If you’ve ever watched The Biggest Loser on TV you might wonder how the contestants manage to survive the training programs they’re put on. Maybe you think the workouts are a bit over the top; harder than what the average person would handle. Well, maybe, but the basics of The Biggest Loser workouts are ideal for a weight loss program.

A good weight loss program needs to have a component to improve the cardiovascular system. Low intensity endurance training requires you to work at a slow, steady pace for a reasonable length of time. You start with however long you are comfortable with and gradually increase to no more than an hour. This builds your endurance and improves your body’s ability to burn fat efficiently.

You also need to do some high intensity interval training. This is where you work for a short period (a few minutes only) at a fast pace and then follow it with a short, low intensity rest period. This helps to raise your metabolism so that your body burns more fat.

The Biggest Loser workouts also contain a lot of strength training in which the contestants use a circuit training system, exercising with different types of equipment. This is good for increasing metabolism and building endurance and strength.

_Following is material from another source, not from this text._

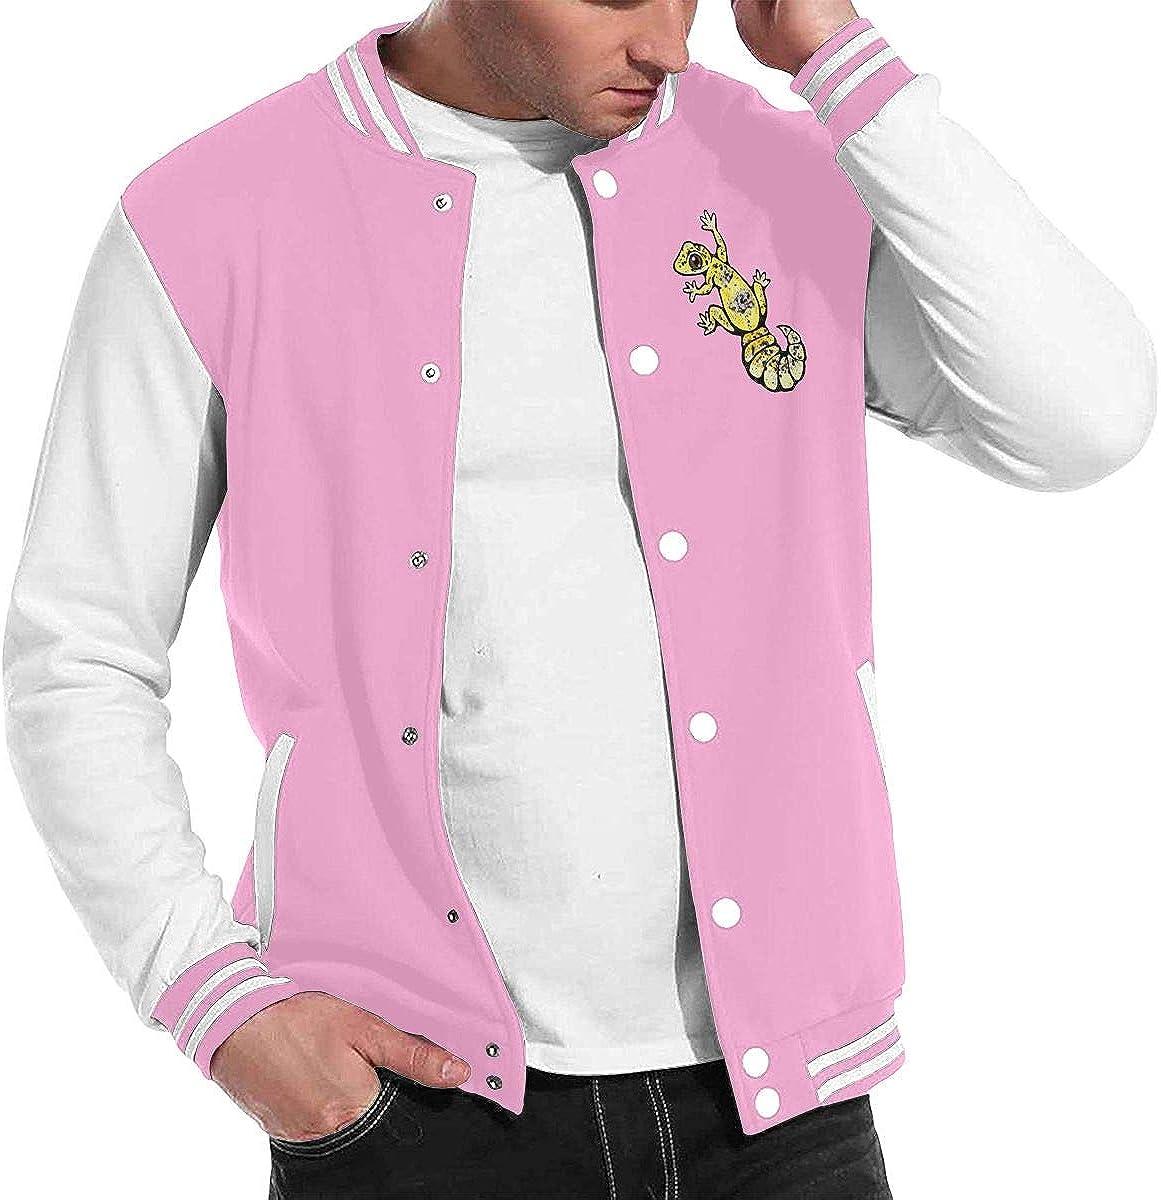 JJKKFG-H Yellow Complete Free Shipping Rapid rise Leopard Gecko Mens Jack Uniform Baseball Fashion

They also work in difficult environments such as on sand and hills. This type of exercise makes the person use their whole body at once and is also good for burning fat and raising the metabolism, as well as strengthening the entire body.

Even though The Biggest Loser workouts are a good way to lose weight, it’s not really advisable to go at it as hard as the contestants on the show do. If you exercise that hard you need to give your body more time to recover than most people would be able to in their normal daily lives. Yes, the types of exercise used in the workouts are very effective but a slower and steadier rate would be more advisable to get good results without injury.

One Response to “Biggest Loser Workouts”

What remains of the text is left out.